Photograph of a nurse in the process of administering an intramuscular vaccination.
Photograph of a nurse in the process of administering an intramuscular vaccination.
Photo: CDC/Judy Schmidt, 2006

On February 24, 2010, at the Centers for Disease Control and Prevention (CDC), the Advisory Committee on Immunization Practices (ACIP) voted in favor of an expanded recommendation for vaccination during the 2010-2011 influenza season. APIC is a panel of immunization experts that advise CDC on immunization and vaccination issues. The vote took place in light of recommendations in years past and the lessons learned recently during the first influenza pandemic in four decades.

The expanded recommendation for annual influenza vaccination is to include all individuals aged 6 months and older. Goals of the new recommendation include removing barriers to influenza immunization and emphasizing the importance of preventing influenza across the entire population. Previously, ACIP recommendations have focused on vaccination of higher risk individuals, children 6 months through 18 years of age and close contacts of higher risk individuals.

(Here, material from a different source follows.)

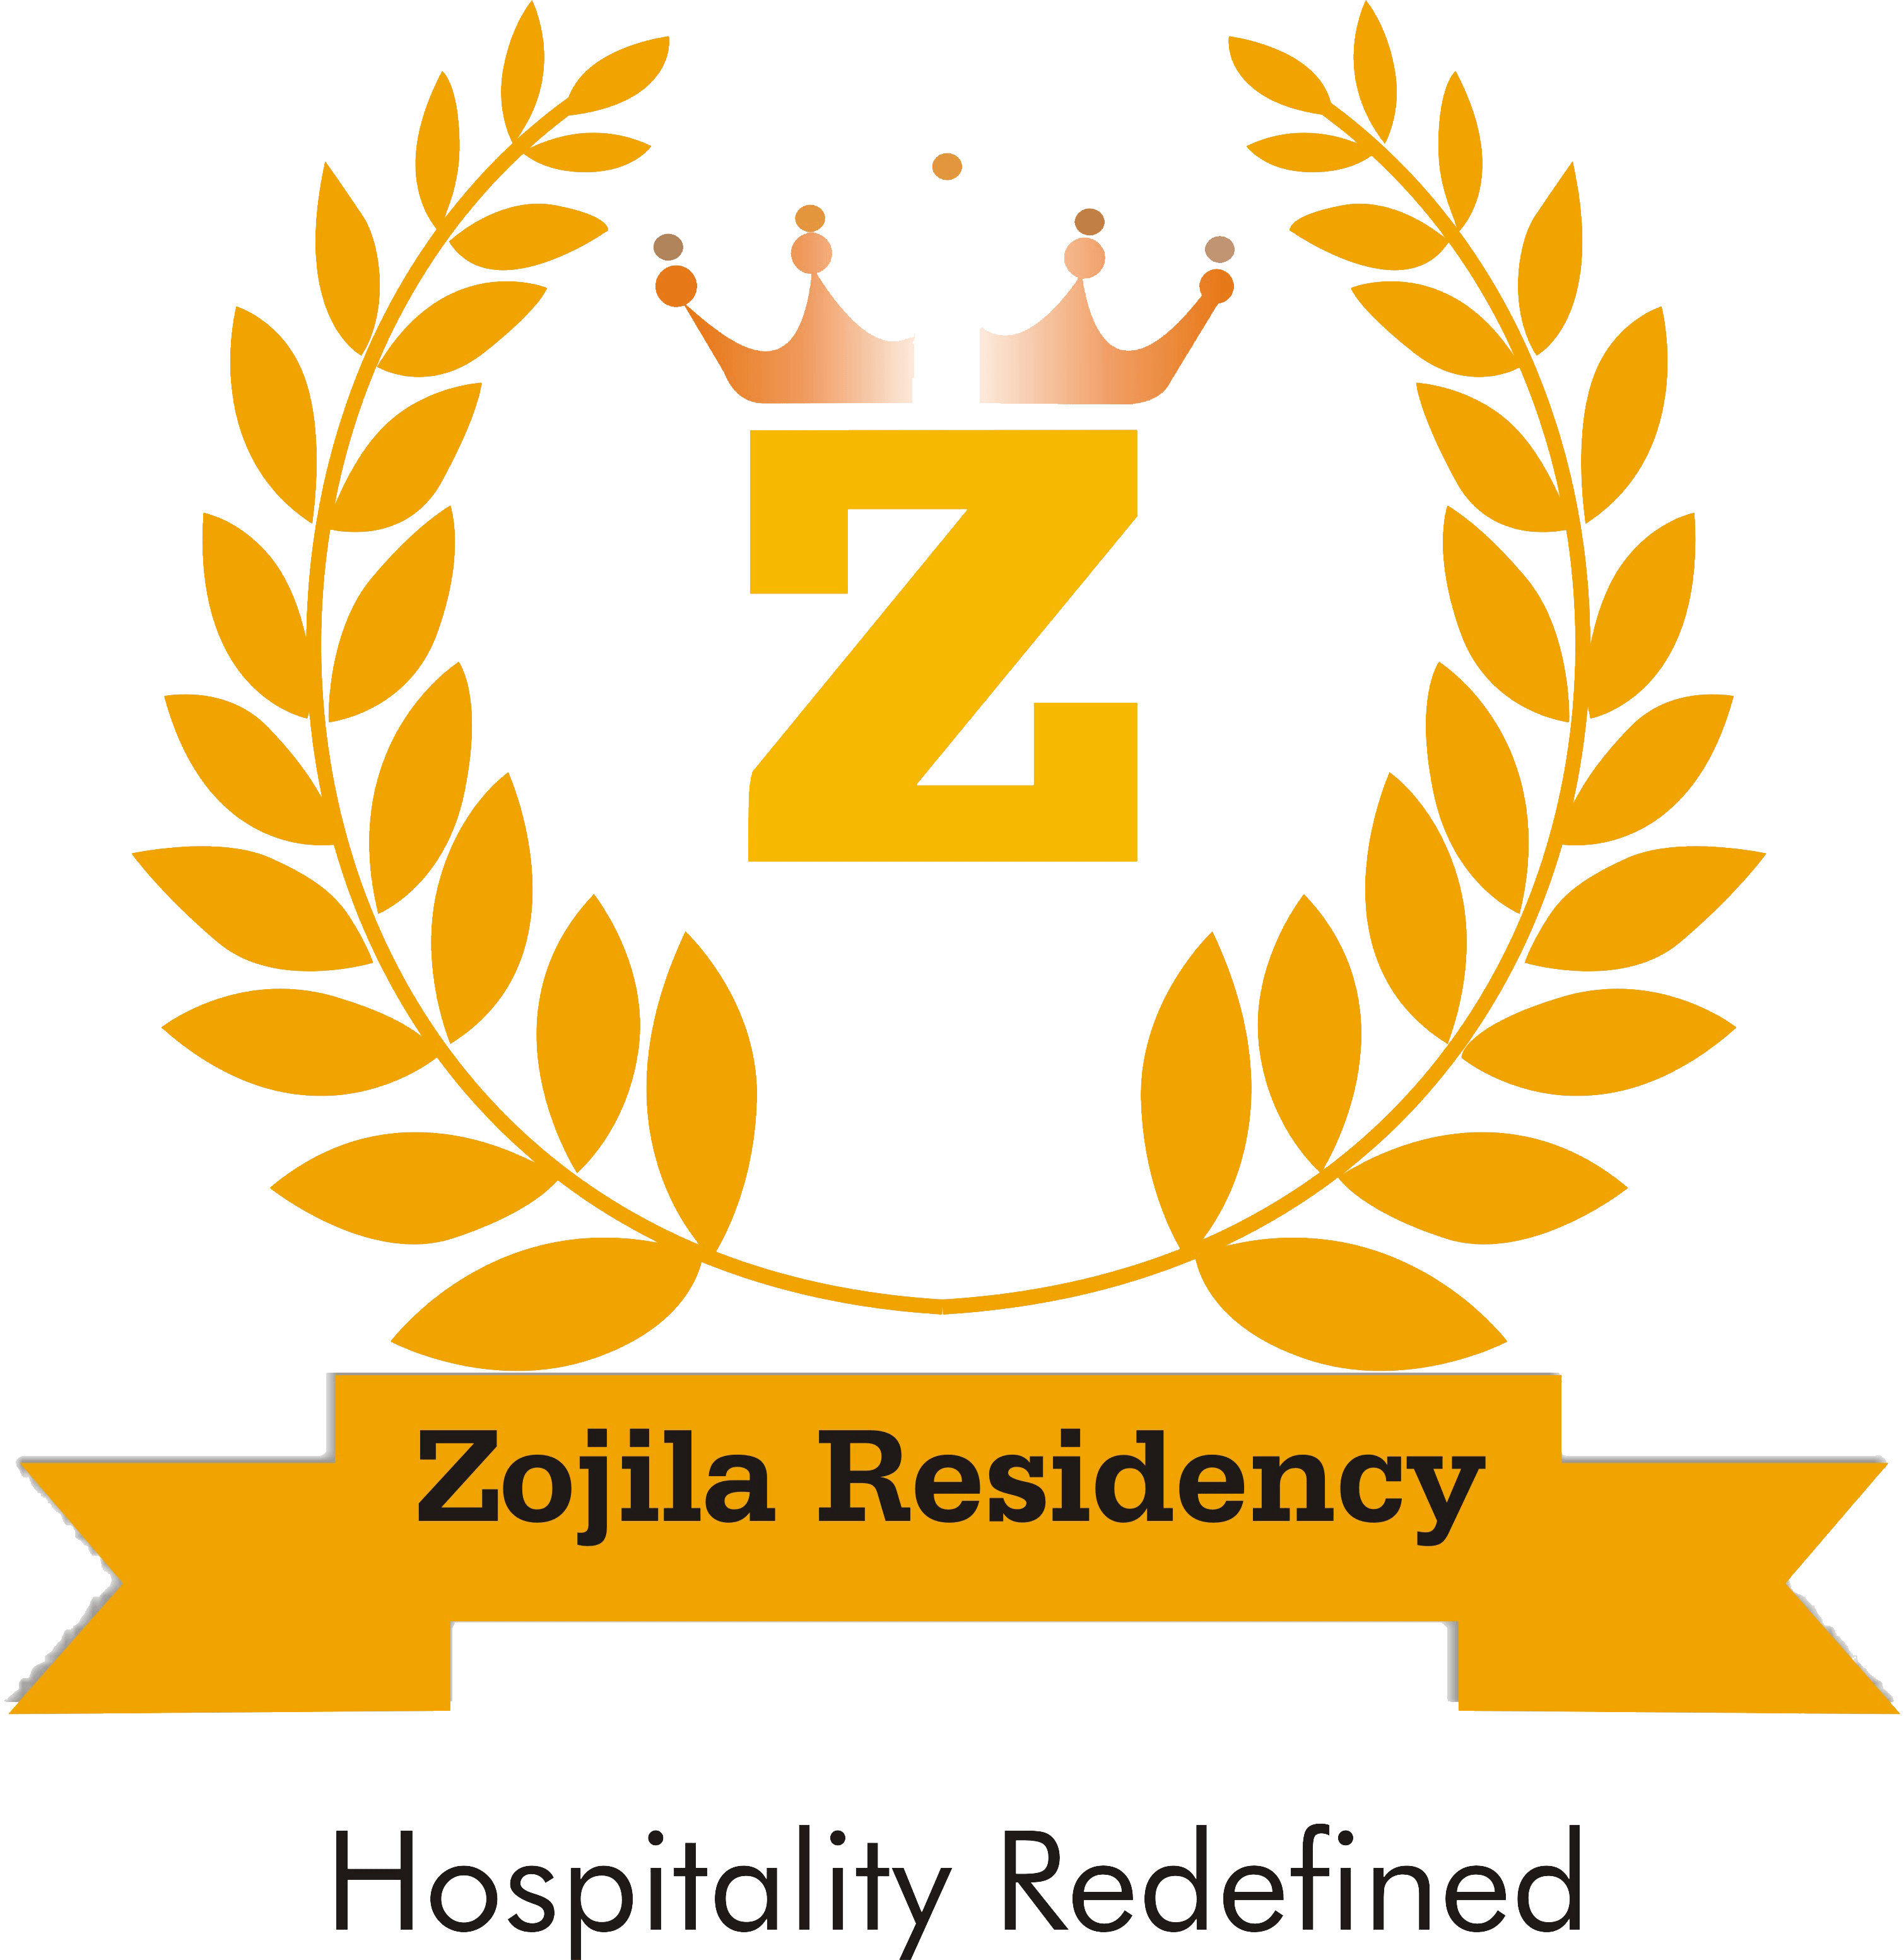 Hotel Zojila Residency|Resort|Accomodation

The panel focused on the value of protecting all individuals 19 to 49 years of age, who have been hit hard by the 2009 H1N1 pandemic virus. It is likely that this particular virus will continue circulating into the next influenza season and beyond. The panel recognized the practical advantage of issuing a single, simple and clear message regarding the importance of influenza vaccination. There are hopes that this simple message will remove obstacles to vaccination and expand the number of individuals protected.

Additionally, data collected over the course of the current 2009 H1N1 pandemic indicates that some individuals do not currently have a specific recommendation for vaccination and may be at a higher risk of serious flu-related complications. Included in this group are those individuals who are obese, as well as post-partum women and individuals belonging to certain racial/ethnic groups.

An annual influenza vaccination is safe and is a preventive measure that can benefit all age groups. While more doses of vaccine will be needed to meet the new recommendations, the panel does not believe this will be an issue. Current projections indicate that there will be more licensed types and brands of seasonal influenza vaccine. Check with your primary care provider, local health department or your pharmacist for availability.